Limitations & Future Work¶
- May still fall slightly short of RoMa with DINOv2 at peak accuracy.
- Local consistency relies on semantic correlation estimation, which may be unreliable in texture-sparse regions.
- Validation is limited to geometric matching; extension to optical flow estimation has not been explored.
Related Work & Insights¶
- DKM and RoMa serve as the primary SOTA baselines.
- The iterative refinement paradigm from the RAFT series is adopted.
- The low-resolution processing strategy of SEA-RAFT provides a reference.
Rating¶
- Novelty: ⭐⭐⭐⭐ — The three-component refiner pipeline design is novel and practical.

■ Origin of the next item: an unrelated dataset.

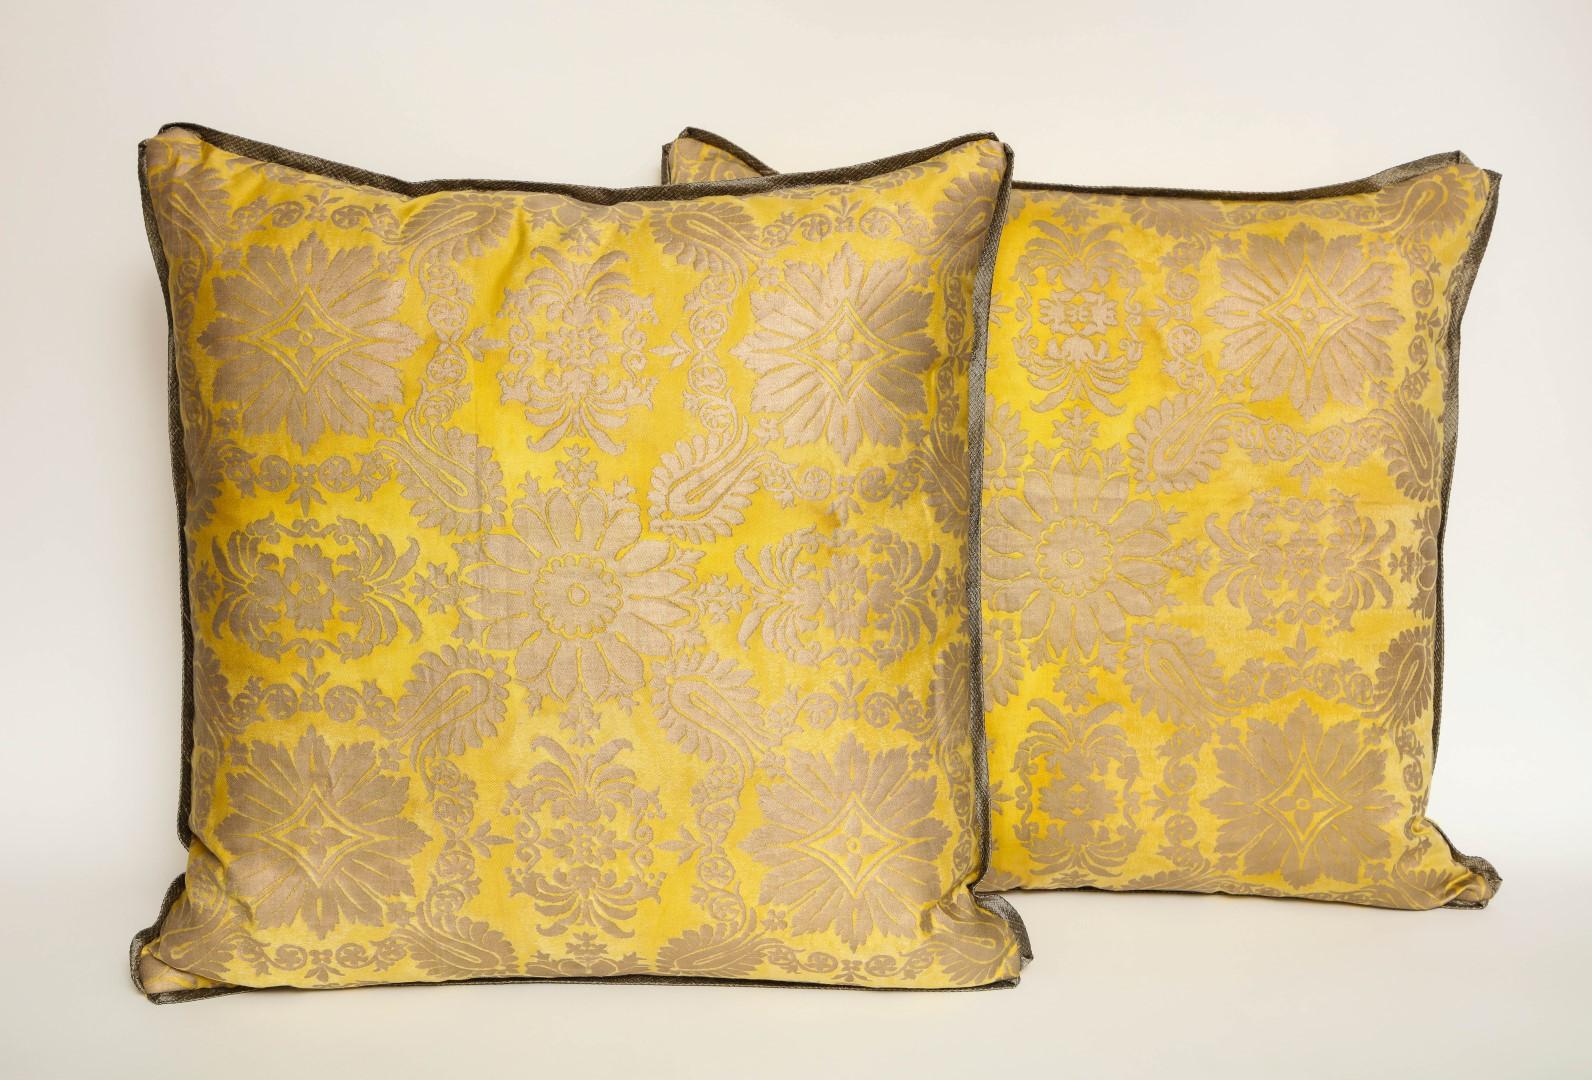 North American Fortuny Fabric Cushions in the Impero Pattern

- Technical Depth: ⭐⭐⭐⭐ — Gradient propagation analysis and local-consistency design are well-grounded.
- Experimental Thoroughness: ⭐⭐⭐⭐ — Multi-task evaluation, efficiency comparisons, and ablations are comprehensive.
- Writing Quality: ⭐⭐⭐⭐ — Problem analysis is thorough and pipeline description is clear.
- Value: ⭐⭐⭐⭐ — Lightweight and efficient, well-suited for resource-constrained scenarios.